土壌浄化問題や利権争いに勝ち抜いた結果】

 僕たちは真っ黒の学生鞄を手に持って、緩やかに足並みを揃えずに帰路を辿っていた。


「次の新作、もうそろそろだよな!」


「そうだね」


「あぁ、そうだったな。そういえばお前ら、もう役職は決めたのか?」


「当ったり前だろぉ?」


「まぁ、一応決まってるって感じ、かな」


「俺は断然、シーフッ。やっぱ盗賊だろ!」


「聞いてないけど……」


「京介は何にしたんだ?」


「僕は、やっぱりアサシンかな」


「ったく、お前らしい陰気な職業だな」


「良いじゃないか、よく似合ってるぞ」


「それ褒めてんのか?」


「当然だ」


「……」


「人のことばっかだけどよ、そういうお前はどうなんだよ」


「俺か? 俺はな、ナイトだ。前からの志。騎士道精神を貫きたくてな」


「ハッ、ザ王道過ぎて捻りもねぇな。ま、どいいけどよ。あぁ、マジで待ちきれねぇー‼︎」


「はぁ、相変わらずだな」


「だね」


「じゃあ先行って、待ってからなぁーーっ」


「あぁ、わかった!」


「遅れんなょ――ッー!」


 彼は決して振り返ることなく、たった独りで沈みゆく夕日へと駆けていってしまった。


 僕らは次第に消えてゆくその朧げな影を、ただ茫然と移ろわせないで目で追い続ける。


「行っ、ちゃったね」


「ホント、アイツらしいな」


「ところで、最近どう?」


「あぁ、なんとかやってるよ」


「な、何か手伝えること」

「気持ちだけで十分だ。ありがとな、京介」


「そっか」


「もし俺が……俺がお前らと一緒に居れなくなったら、これから先、彼奴のこと頼むぞ」


「え?」


「昔っから危なっかしいことばかりする奴だからな、一人にすると何するかわからない」


「うん、解った。

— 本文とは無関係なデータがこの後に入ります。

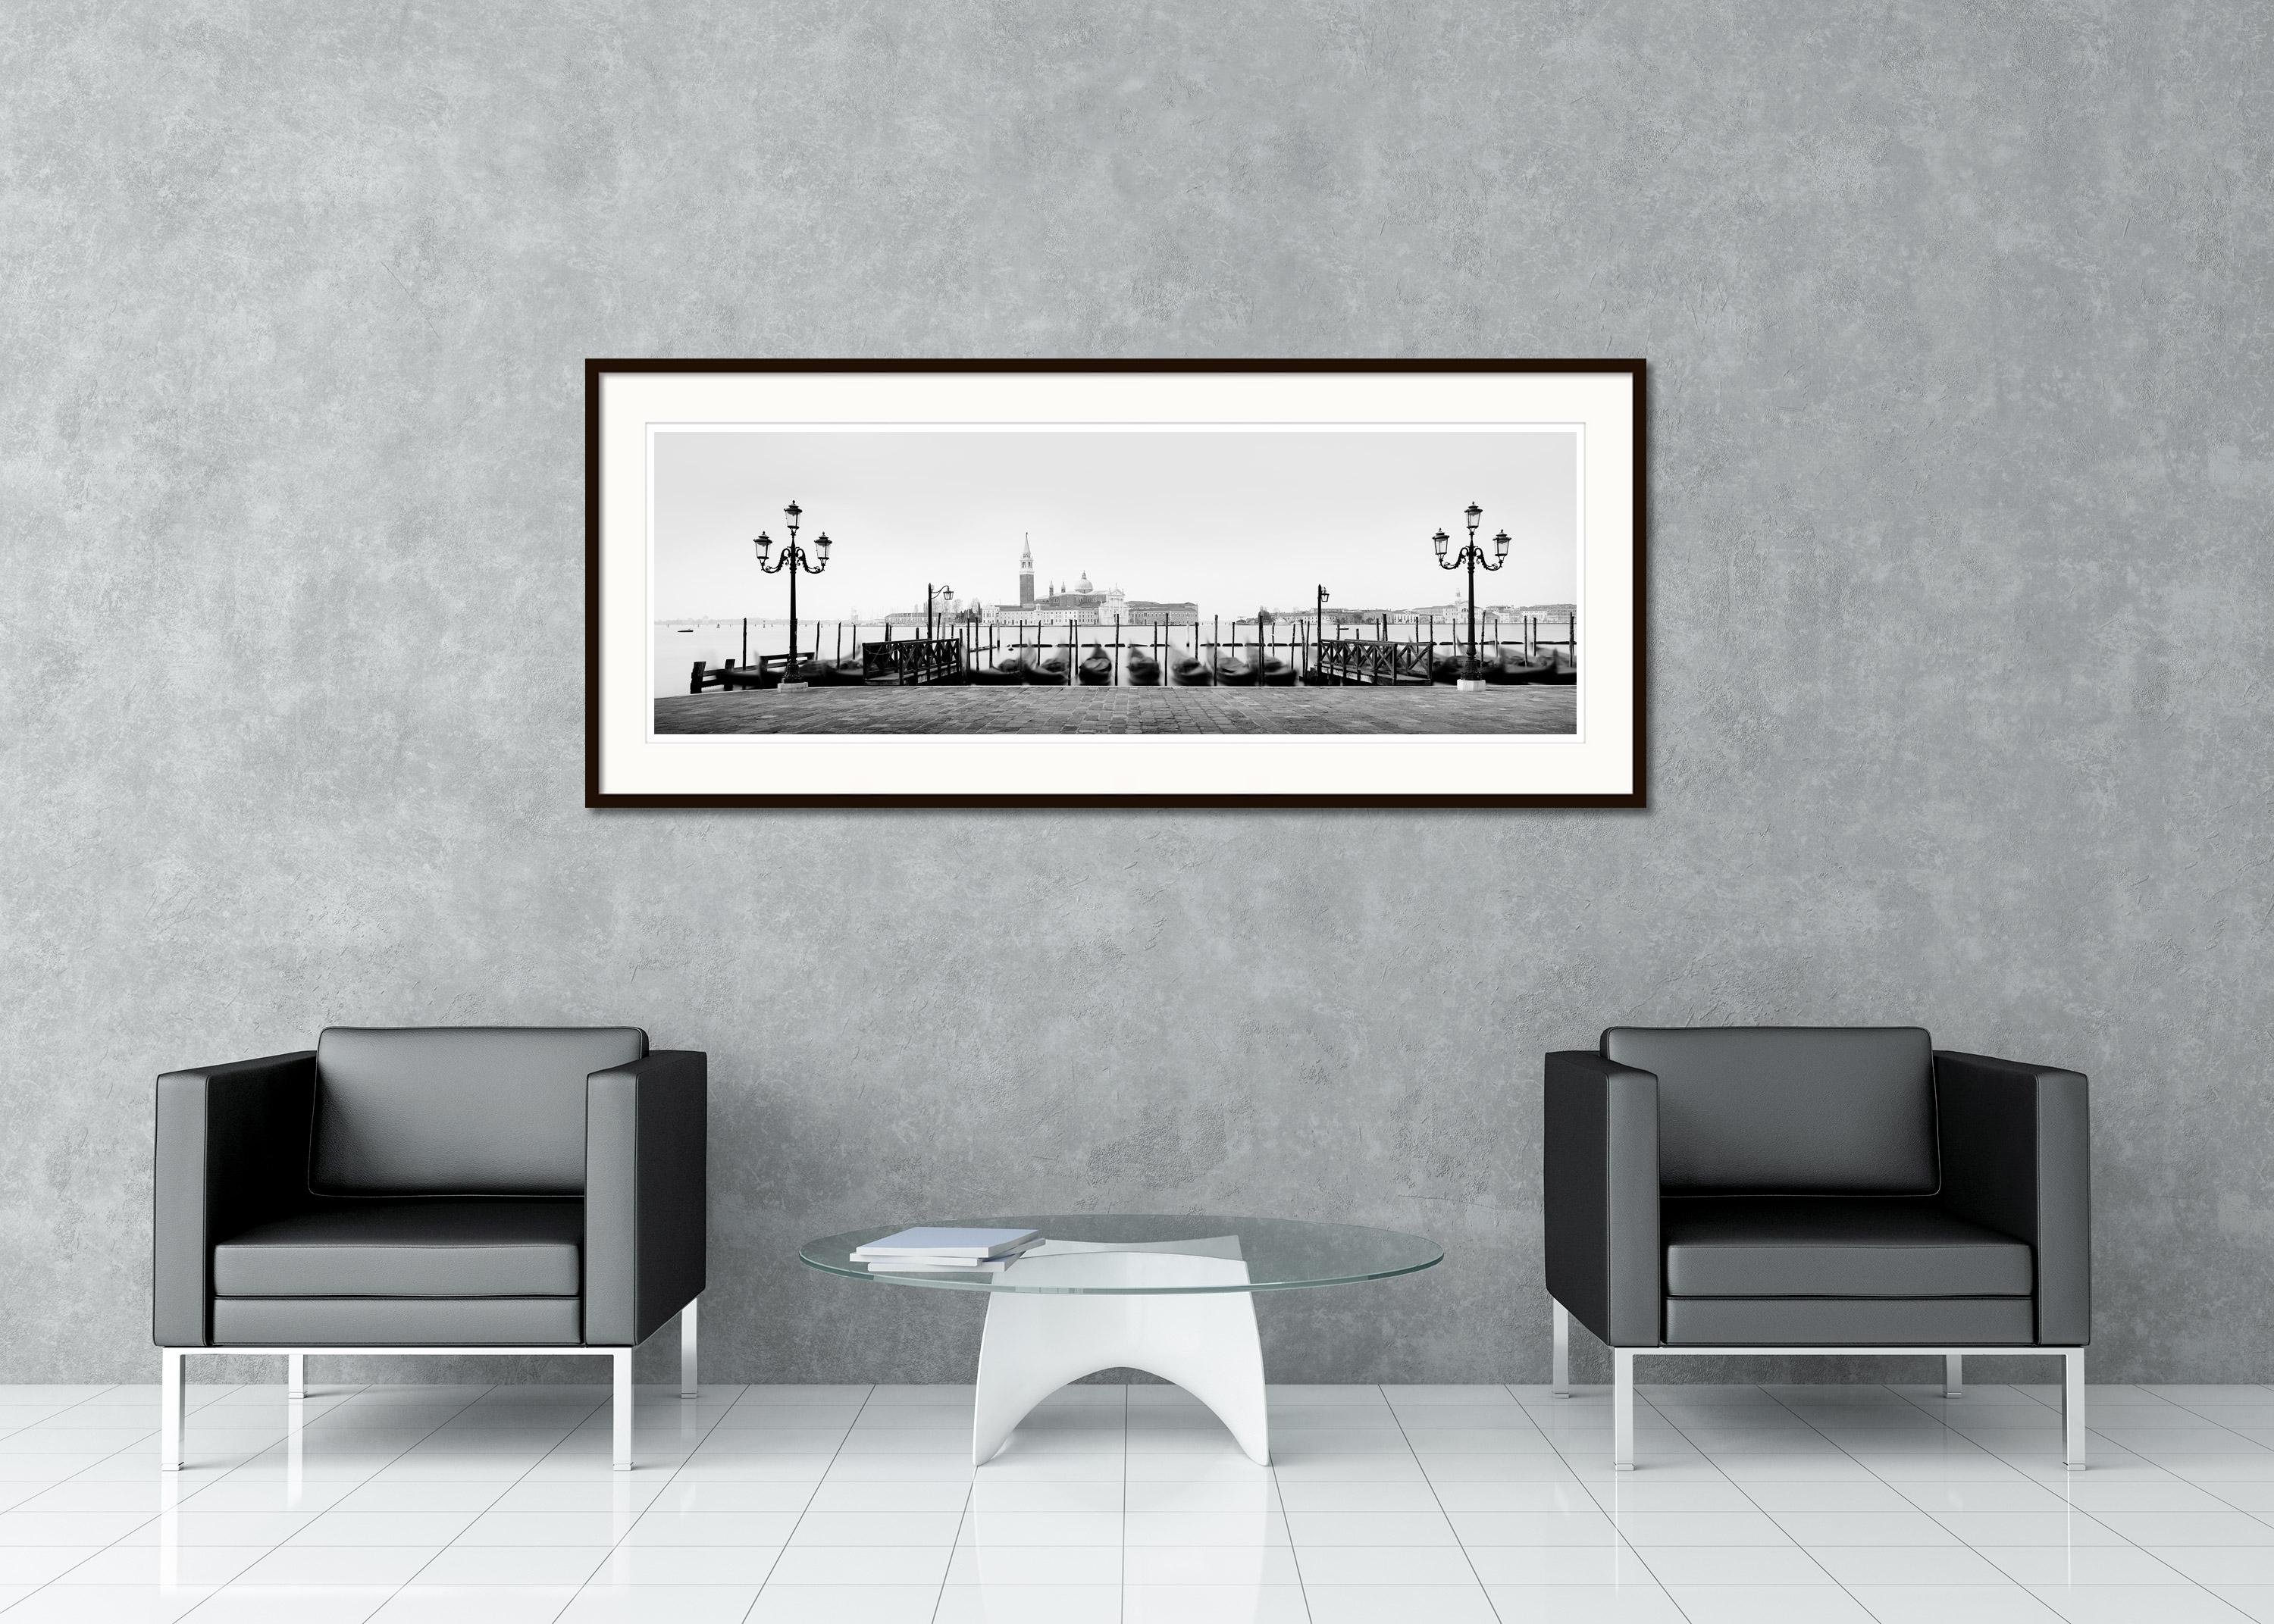 Panorama d'art en noir et blanc paysage - photographie de paysage urbain. Gondole devant la basilique sur le grand canal de Venise, Italie. Épreuve à l'encre pigmentaire d'archives, édition de 7 exemplaires. Signée, titrée, datée et numérotée par

でも、そんなことある筈」


 再び、食い気味に言い放つ。


「お前らと一緒にいた時間は凄く充実していたよ。本当に今までありがとな、京介――」


 古ぼけた灰色の塀に囲まれた狭き一本道。


 そう、その先にあるのは、彼がずっと好きだった春に桜が芽吹く並木道があったんだ。


 ……。


 ゆらゆらと幾重にも重なる木葉が擦れ戦ぐ、色濃い森から薄らと木漏れ日が差し、燦々たる暖かな陽光が俺を神々しく照らしていた。

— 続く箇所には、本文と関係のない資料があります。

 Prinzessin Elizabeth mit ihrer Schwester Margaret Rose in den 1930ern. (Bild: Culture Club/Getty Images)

 思いの外、こんなごつごつとした大樹に凭れ掛かっていても寝心地が良かったせいか、微睡んだ眼を頻りに瞬きながら徐に天を仰ぐ。


 色を取り戻し始めた前髪の先端から指先に至るまで、ドライヤーの熱風を当てられたかのような熱を帯びた突風が吹き荒れて、葉の日傘が翻されてしまい、突き刺すような眩しさに目がやられ、思わず眼前に掌を翳した。


「っ‼︎」


 ほんの微かに村の方から響いた賑やかな喧騒が、真昼時の表れを示してくれていた。きっと今頃、ついつい此処に来ては、うろ覚えな郷愁に駆られて、うっかり寝てしまっていた俺を、畑仕事から逃げたと思ったみんなが、マリが――探してくれているのだろう。


「そろそろ行かないと、不味いな」


「京介」


 噂をすれば、其処には微笑む彼女がいた。


 そよ風に靡くあれからもう二度と見ない、向日葵色の綺麗で優しい瞳に触れる程度の茜色の髪をそっと耳にかけながら、息遣いが当たるくらい傍で前屈みになって覗いている。


「こんな所で、何してたの?」


「ちょっとね」


「もしかして、仕事が嫌だった?」


「うーん、どうかなぁ」


「休憩はまだ先よ」


 意地悪な言葉を突き立てていくマリの背中にゆっくりと手を回して、颯と引き寄せた。


「きゃっ!」


 すると、驚きつつも、拒む事なく満面の笑みで柔らかな体を寄せて、抱きしめられた。


「もーっ! 仕方ないなぁ~」


 彼女の頭を添える手は小刻みに震え、再三再四脳裏によぎる記憶を忘れんとそっと額同士を当てて、瞬く間に伝わってゆく仄かな熱でそれは次第に影を落として治っていった。


「どうかした?」


「いいや、何でもないんだ」


 俺の胸に目を優しく瞑ったまま顔を埋めていく。


「そろそろ行かないと……」


「うん、わかってる」


「もう少しだけ――」


「何してるんだ」


 沈んだ声を遮った冷徹な言葉の先に目を向ければ、茫然と立ち尽くすコリウスがいた。


 色濃く鮮やかな緑葉の周りに仄かなピンクを帯びた紫色の短髪と、中肉中背で凛々しもほんの僅かに歪めた面差しが突風に吹かれ、鬱蒼とした深き森に甘さ引き立つ、蜂蜜の色合いを織り交ぜたかの如く瞳を垣間見せた。


 懐かしのリスタールの人形を握りしめて。


「仕事の時間だ、早く行こう」


「あぁ、そうだったね、ごめんごめん」マリは慌ただしく立ち上がり、手を差し伸べた。


 俺と一切の視線を交わす事は無く、用を済ませると早々にその場を後にしてしまった。何処となく漂わせていた哀愁を残して……。


「さ、行こう」


「あぁ、うん」


 その姿を尻目に柔な手を徐に掴み取って、とても他愛もないことだけれど、不思議と微笑んでしまう程に会話を弾ませながら、ペンギンさながらの歩みで共に畑へと足を運んだ。


「遅いっ!」


 思わず心が清々しくなってしまう、淡く清澄なるせせらぎを奏でる川瀬の瞳をキラリと鋭く輝かせ、同様に息さえも忘れるようなを浅葱を帯びた艶やかな長髪を優雅に払い上げ、目の回る振る舞いでふわりと宙に靡かせた。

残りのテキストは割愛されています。